Assigned task » Word for word, give the data again without its pictures.

Information supplied »

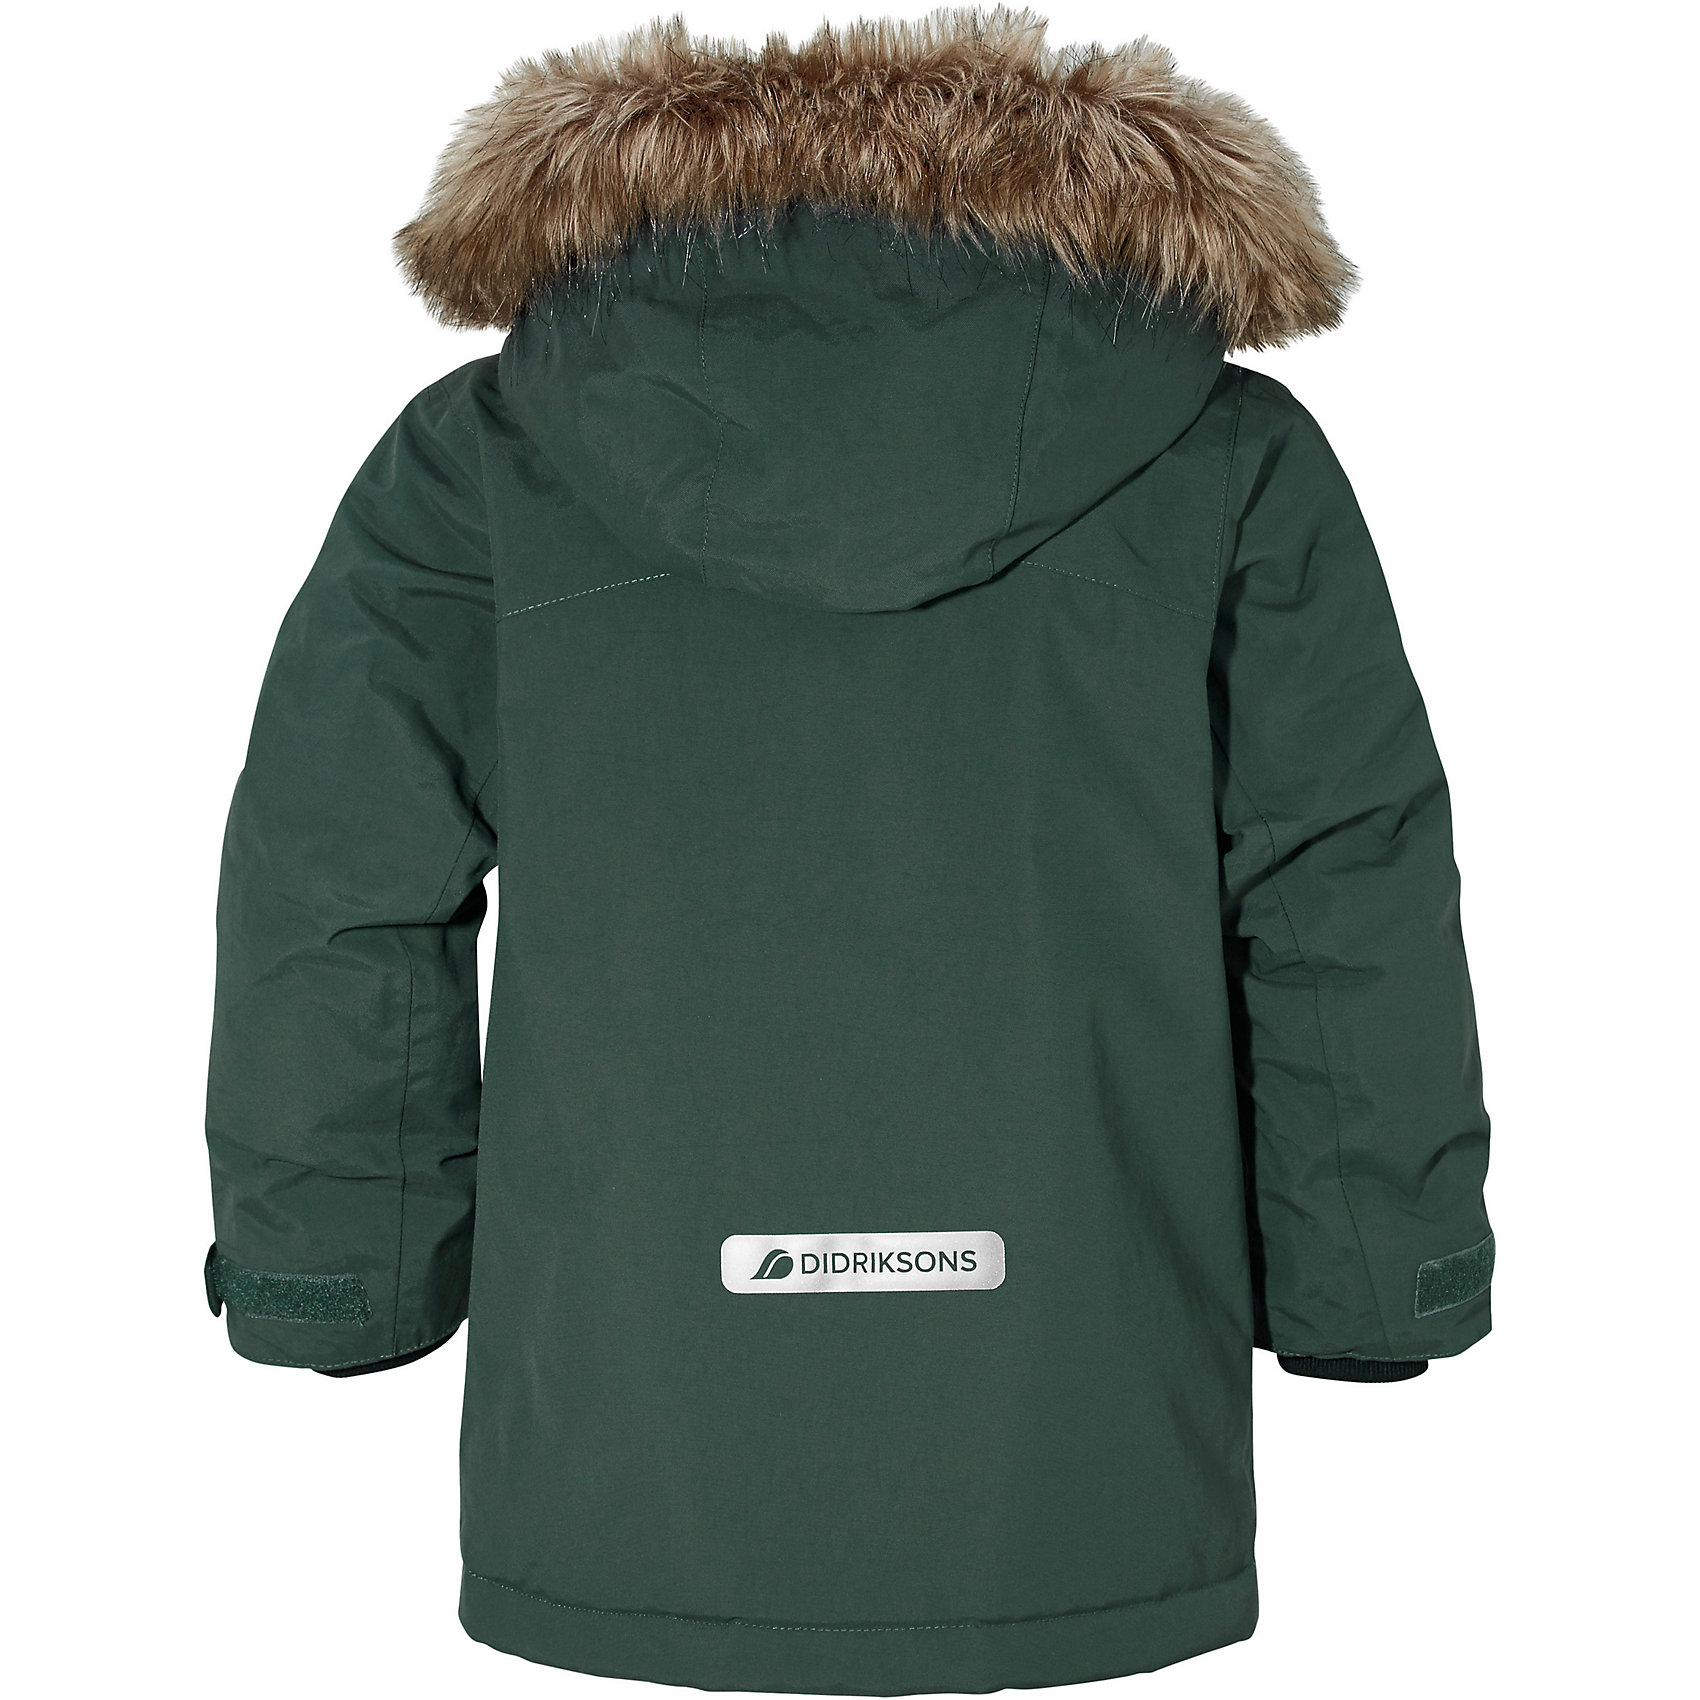 Утеплённая куртка s Kure DIDRIKSON 12464420
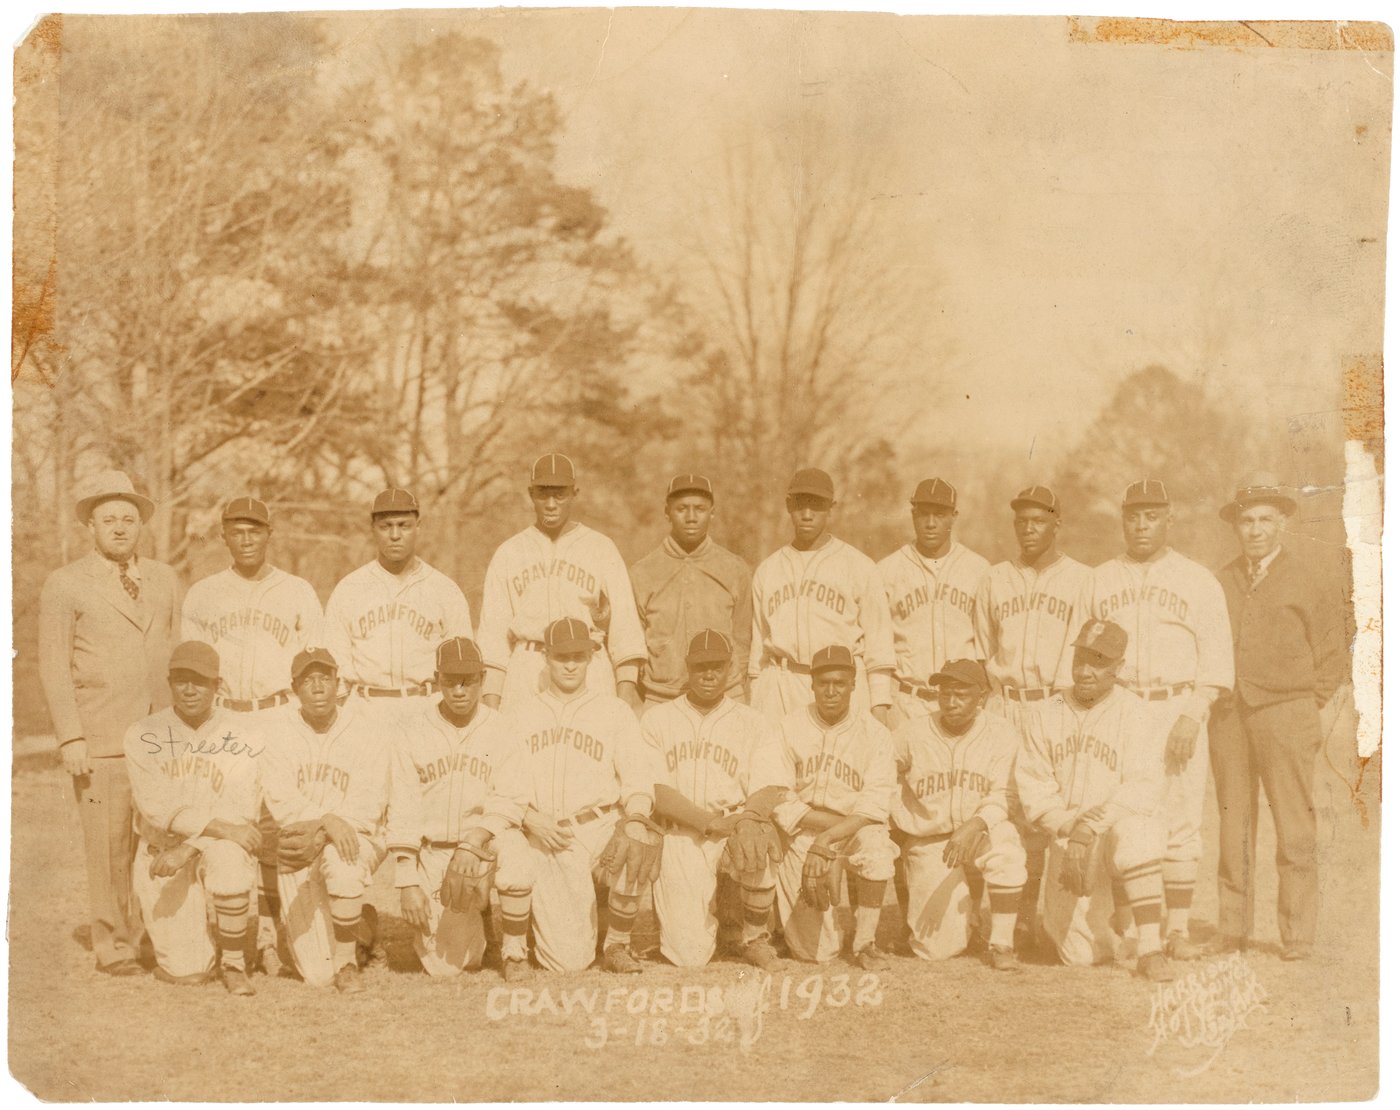 Pittsburgh Crawfords, American baseball team
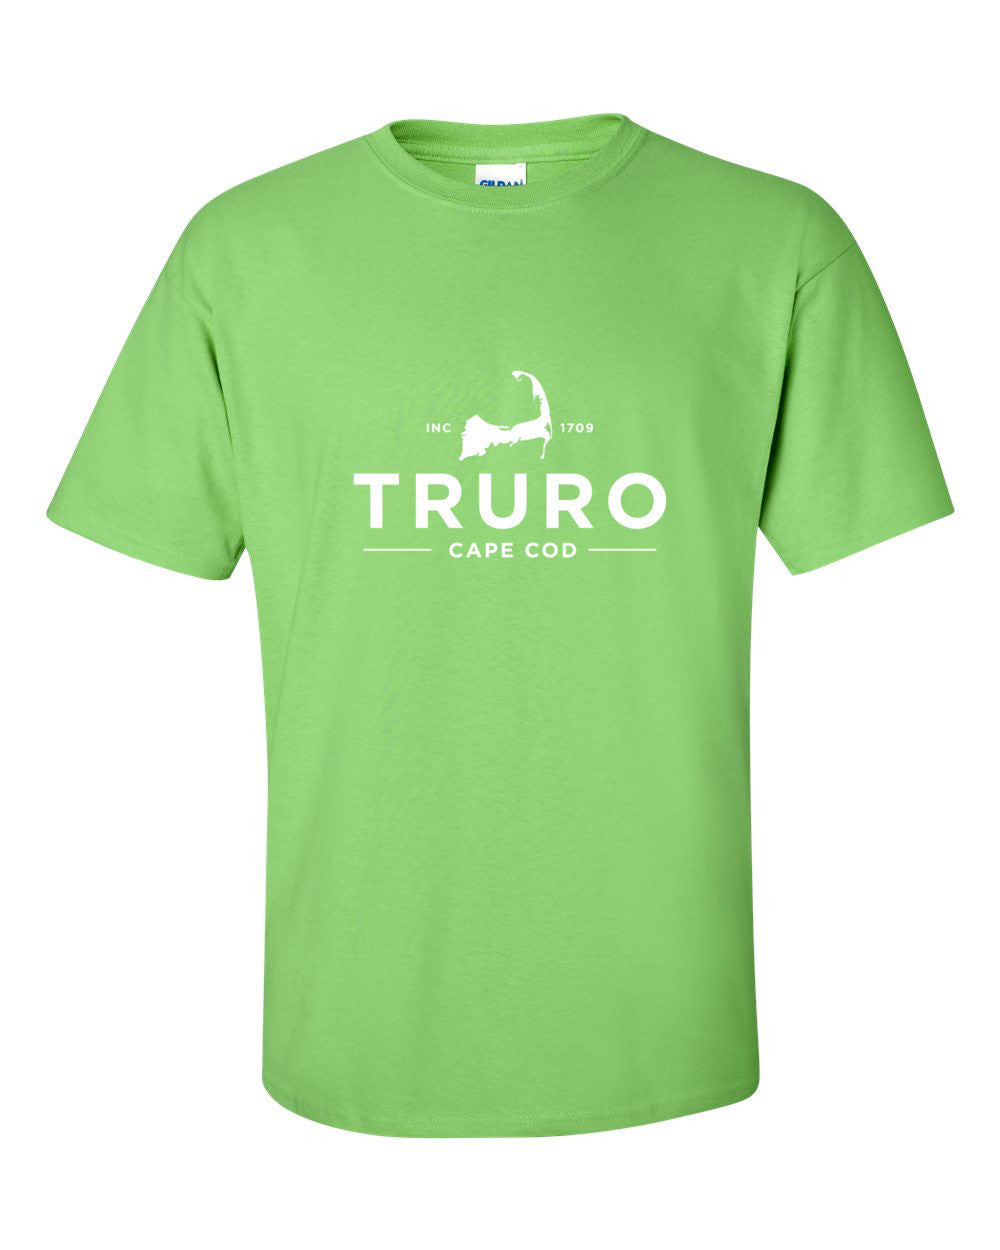 Truro MA T Shirts, Shirts, Hats & Tees | Cape Cod Insta

Answer area »
 Утеплённая куртка s Kure DIDRIKSON 12464420
 Pittsburgh Crawfords, American baseball team
 Truro MA T Shirts, Shirts, Hats & Tees | Cape Cod Insta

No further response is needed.